To be sure, there are parachutes in mental health. Some fairly influential ideas from psychotherapy seem to fit the bill: Carl Rogers' "unconditional positive regard"; Winnicott's "holding", Sullivan's "evenly hovering attention". What binds these ideas together is their view of an almost ethical stance clinician takes towards client, listening to them, taking them seriously as a person. This post by Gordon Milson on time in mental health services is another example; perhaps, he argues, the EBP movement runs the risk of forgetting that different people need different amounts of time before they can bring themselves to form a relationship with their therapist. Waiting for someone, being patiently there for them, might well be a parachute.

When is a Parachute Not a Parachute?

Alas, not everything is a parachute. While some of the things that psychologists and psychiatrists do are simply ways of breaking a fall, other interventions are intended to be active flying machines. These cases cannot be allowed to slip in under the radar, but should be empirically assessed to see which of them flies and which is are little more than hot air.

Sometimes a Parachute is not a Parachute.

Most of what psychotherapy aspires to is surely not a parachute, though this is sometimes skirted around by describing it as simply "talking to people". If psychotherapy were no more than this then it wouldn't be necessary to test it.

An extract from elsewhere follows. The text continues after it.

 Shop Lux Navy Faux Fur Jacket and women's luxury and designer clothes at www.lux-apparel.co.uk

Talking to people (and, more importantly, listening to them) is often an inherently good thing, but we should not conflate psychotherapy as an opportunity to do good with psychotherapy as itself inherently good. Psychotherapy as an activity is designed to be a form of talking that changes people's minds and behaviours. Where the mechanisms that make parachutes work are clear and obvious (you don't need a PhD in aerodynamics to understand them well enough) the putative mechanisms that make psychotherapy effective are hotly contested. Being kind and empathic might be quite simple, but effectively helping someone overcome a psychological problem is assuredly not. Calls for "common sense" in our discipline are limited by the fact that there is rarely much that is "common" to how different people see the mind.

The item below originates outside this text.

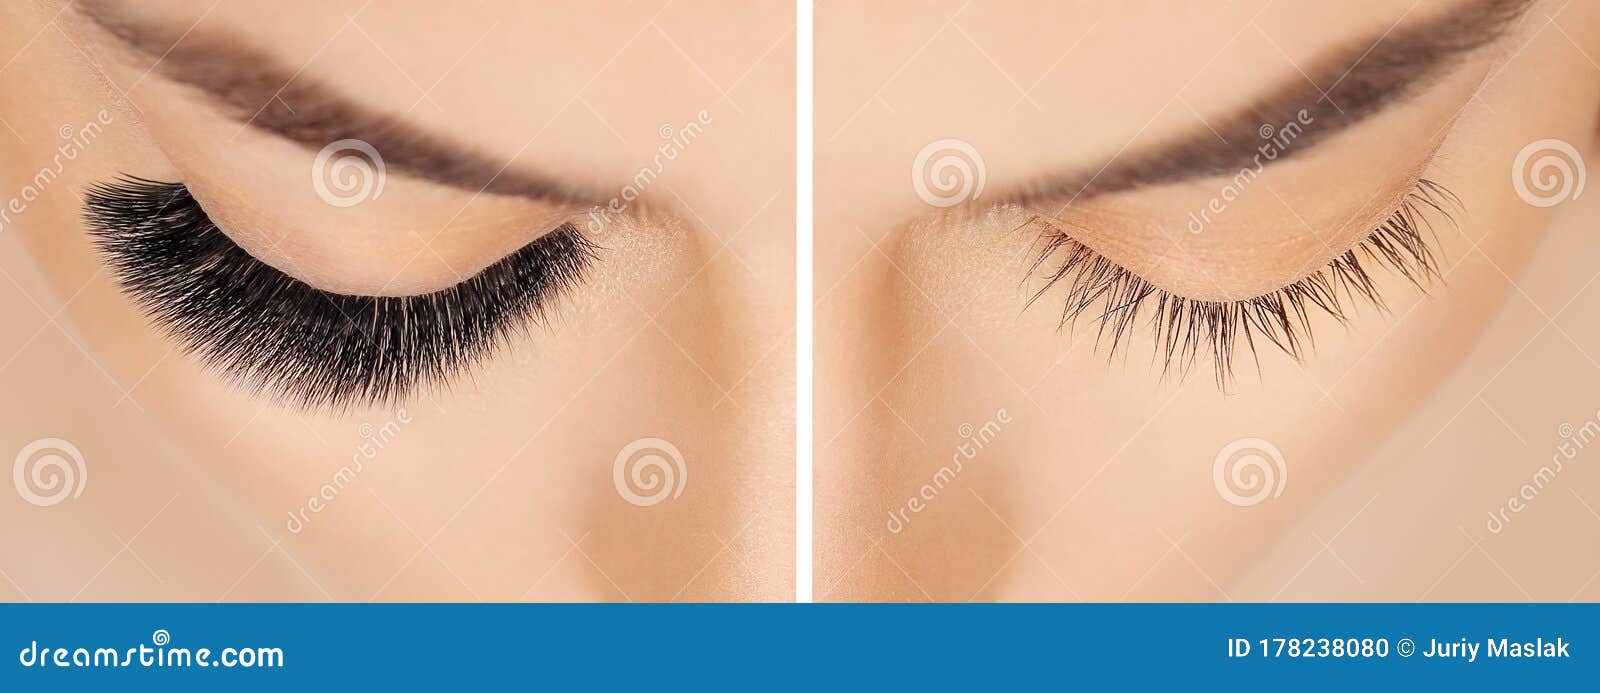 eyelash extension procedure before after. false eyelashes. close up portrait of woman eyes with long lashes in beauty

If psychotherapy can do good then it can presumably do harm as well. What is more, psychotherapy is expensive, meaning that if you are going to provide it you need to show there is more to it than the proverbial chat with someone lacking those crucial qualifications. By introducing the notion of a "parachute" into the vernacular, Smith and Pell found a way to call out Evidence-Based-Practice enthusiasts when they reach levels of absurdity. If we are to continue to find the idea helpful we need to establish some sense of when their argument does and does not apply.